◆ **EXERCISE DETAILS**
Skip the pictures and give back the rest of the listing exactly.

START DATA SECTION

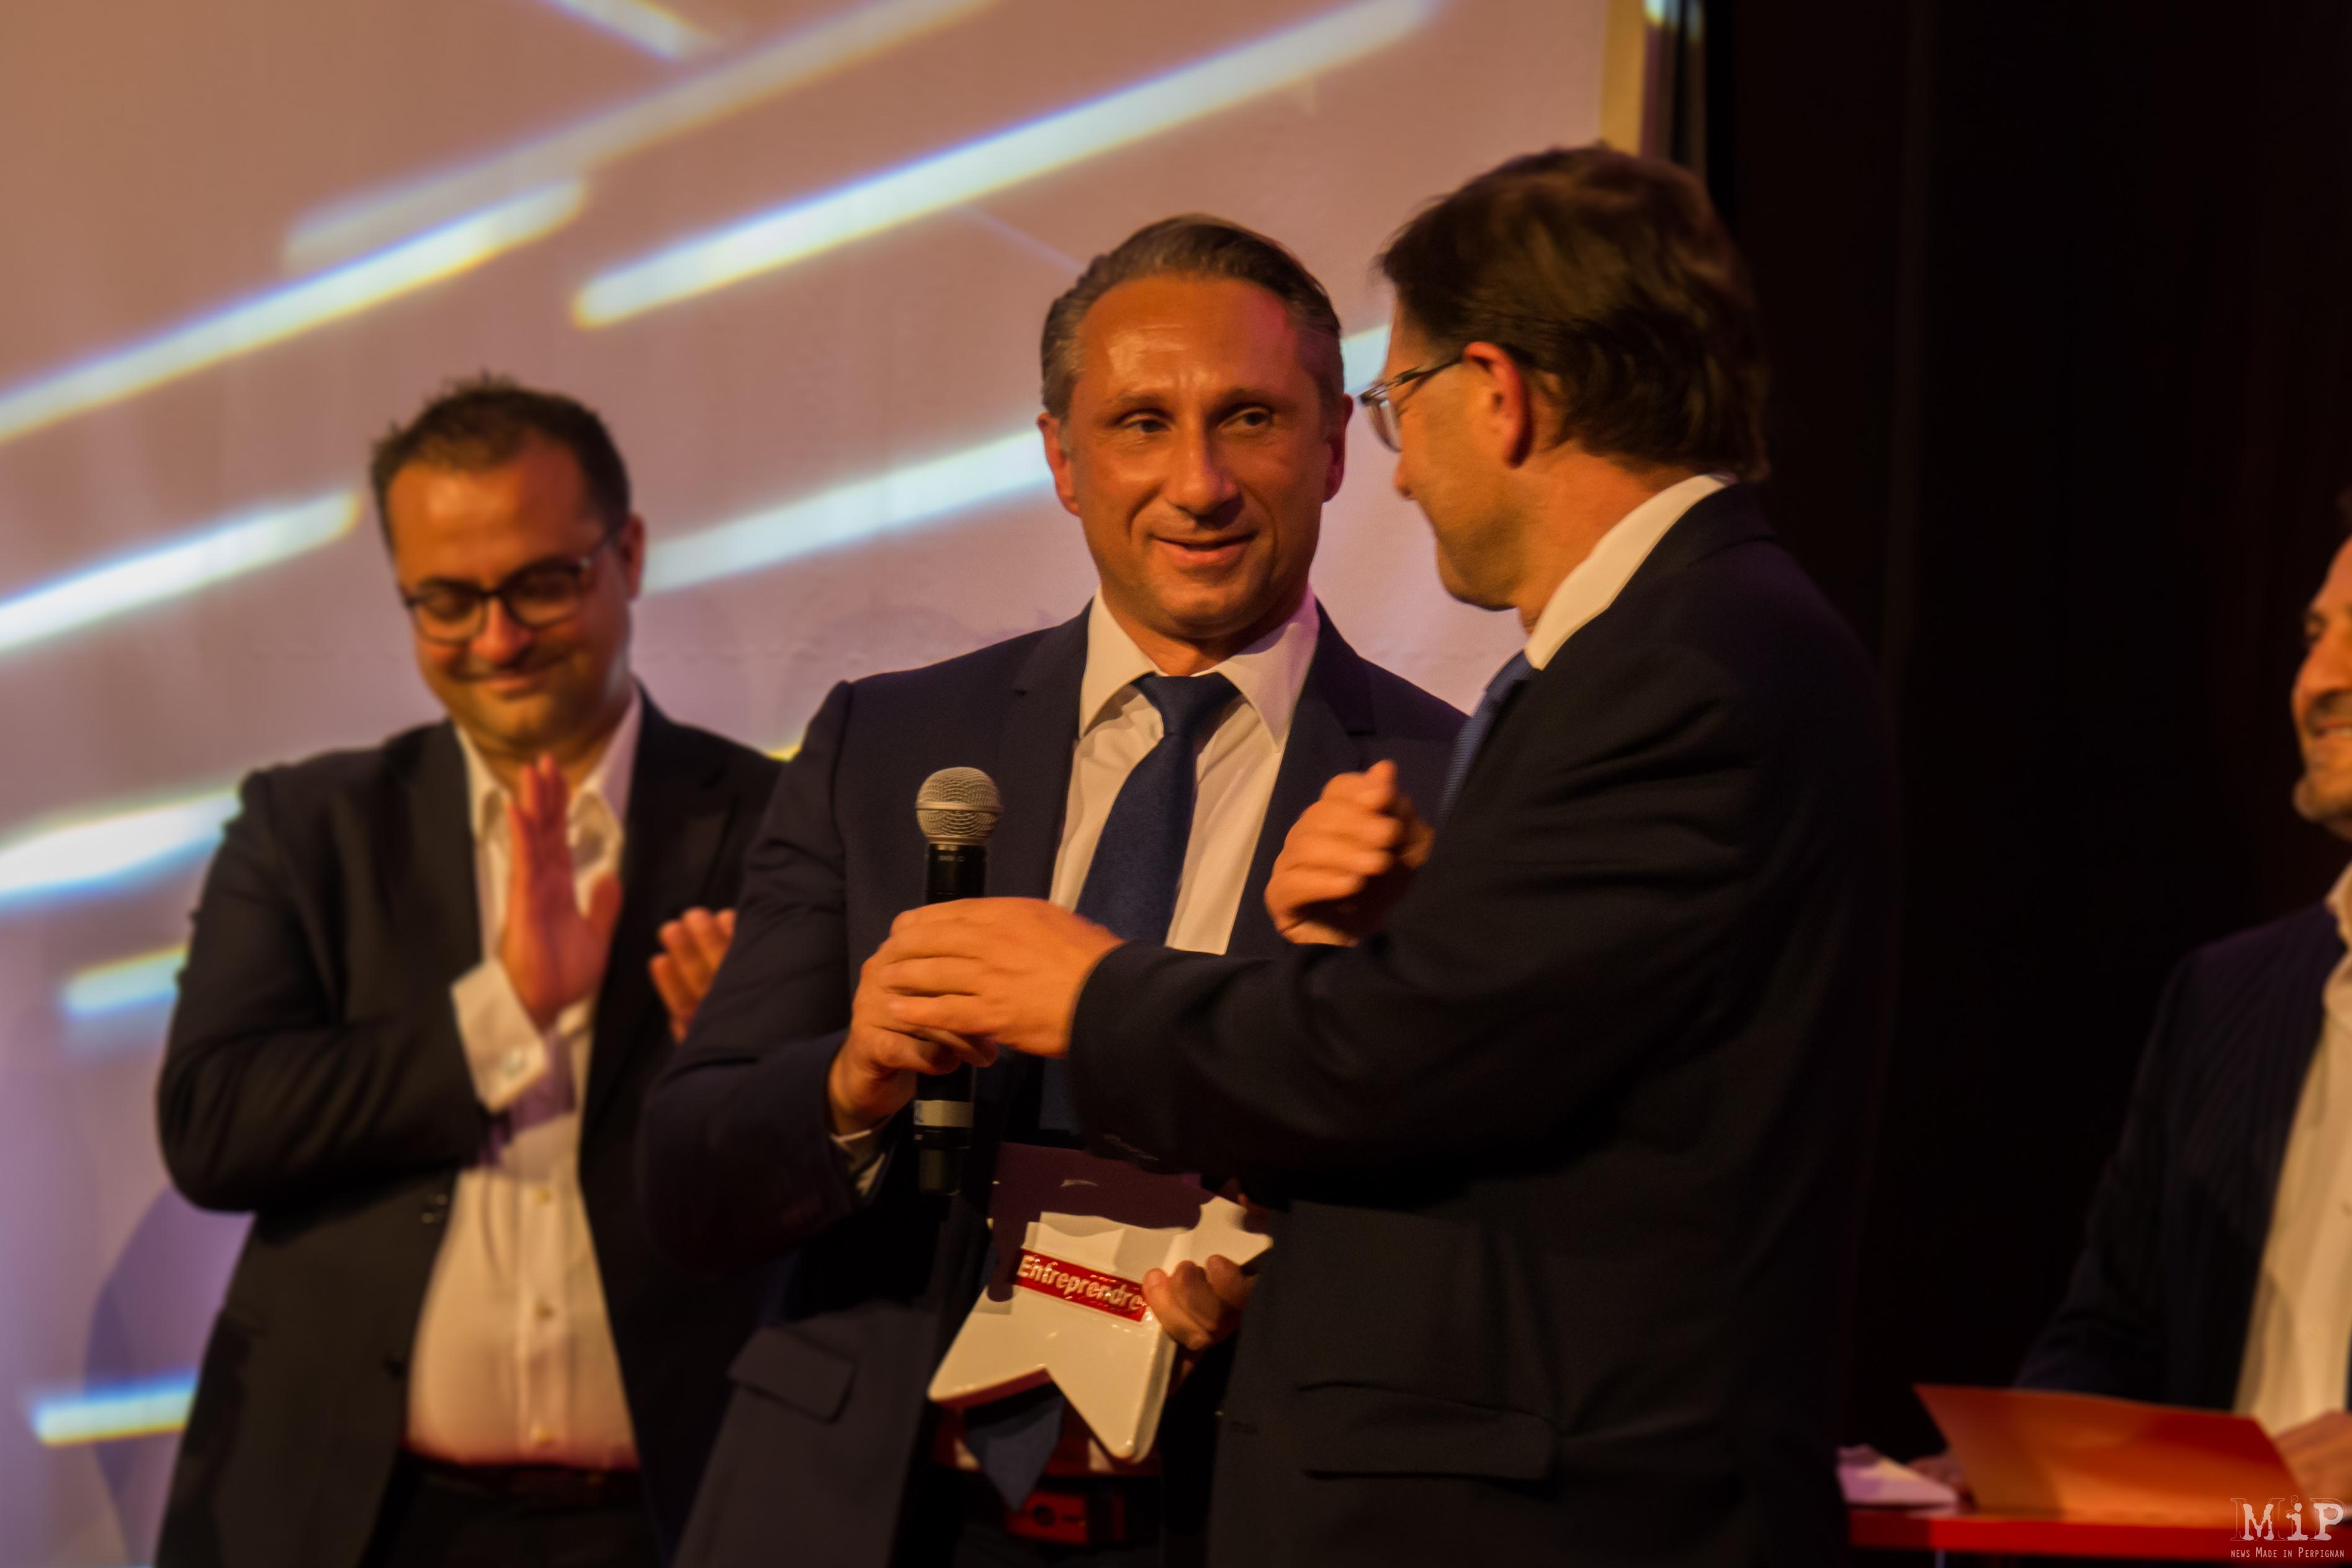 Stephan Français reçoit le trophée d'entrepreneur de l'année des mains de Robert Lafont
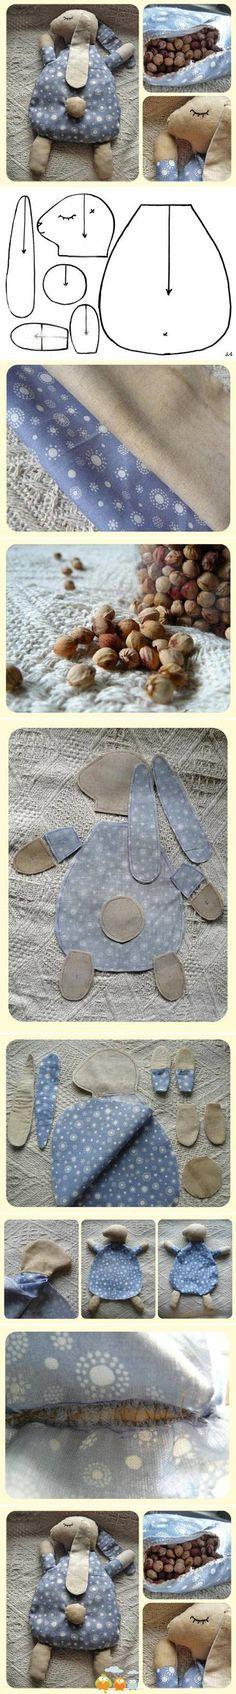 Baby Hase zum Kuscheln oder auch mit Kirschkernen gefüllt zum wärmen
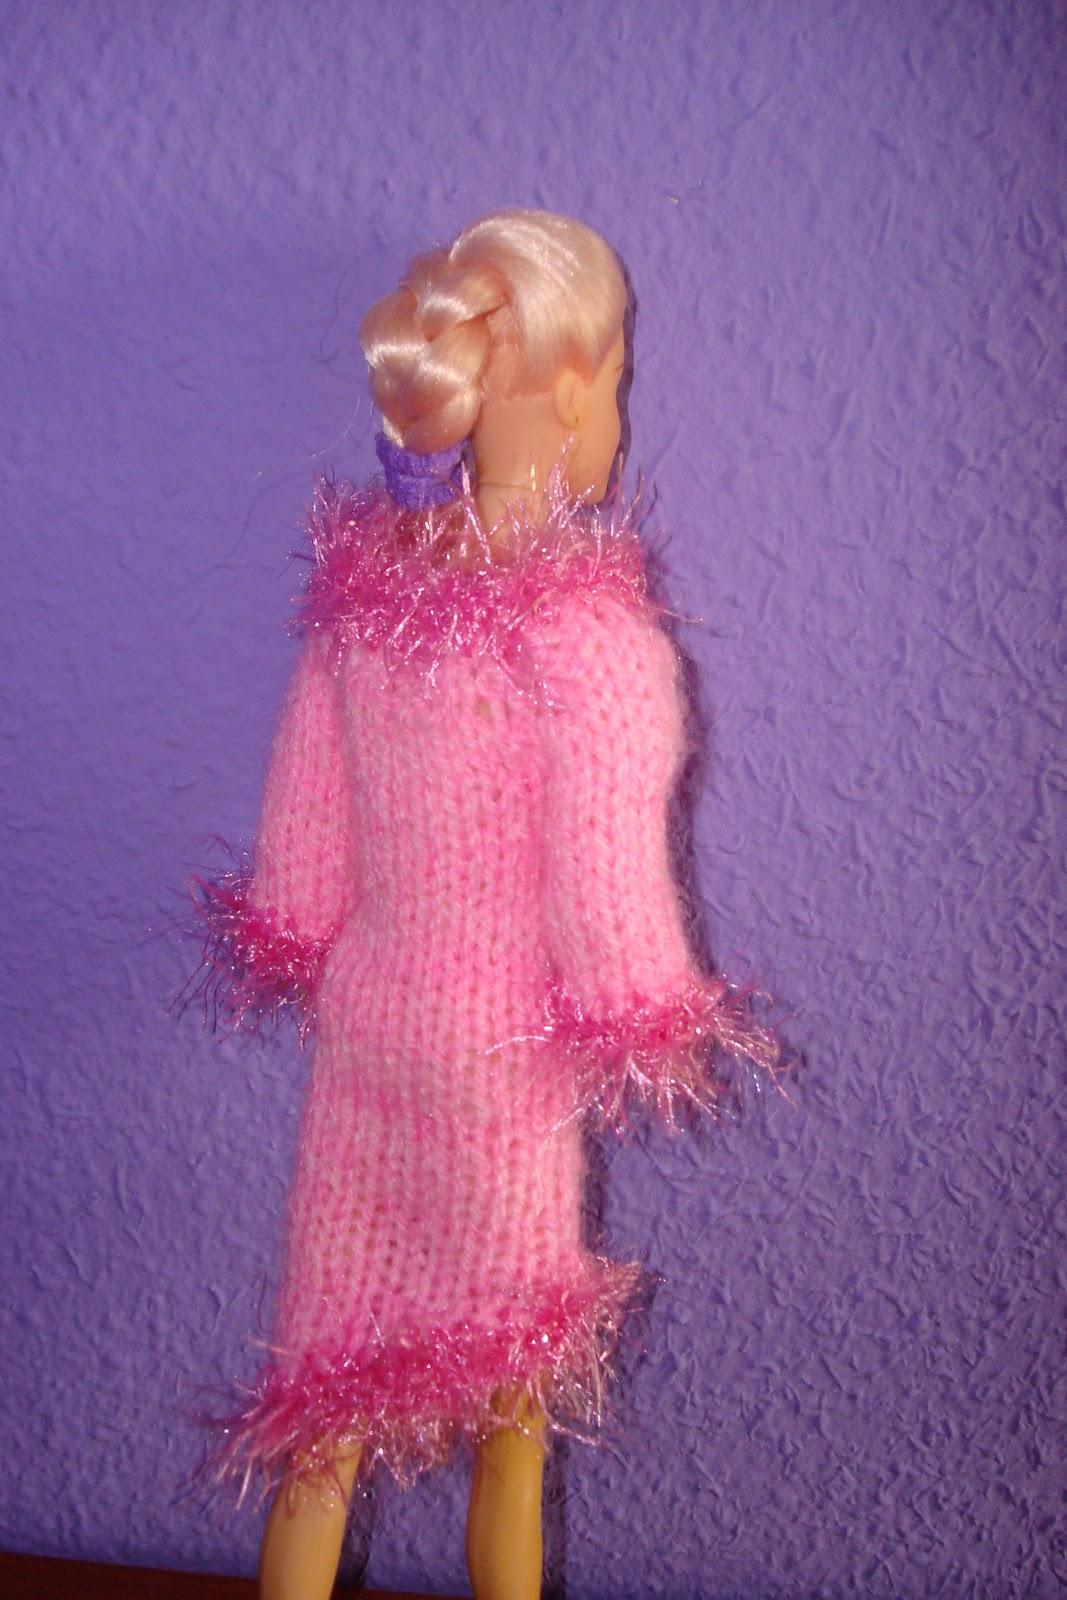 http://3.bp.blogspot.com/_mk65hKB6XyQ/TSffonVjIII/AAAAAAAAAEE/YdZ9JIk-pg0/s1600/Barbie+006.JPG

END DATA SECTION

◆ **ANSWER**
 Stephan Français reçoit le trophée d'entrepreneur de l'année des mains de Robert Lafont
 Baby Hase zum Kuscheln oder auch mit Kirschkernen gefüllt zum wärmen
 http://3.bp.blogspot.com/_mk65hKB6XyQ/TSffonVjIII/AAAAAAAAAEE/YdZ9JIk-pg0/s1600/Barbie+006.JPG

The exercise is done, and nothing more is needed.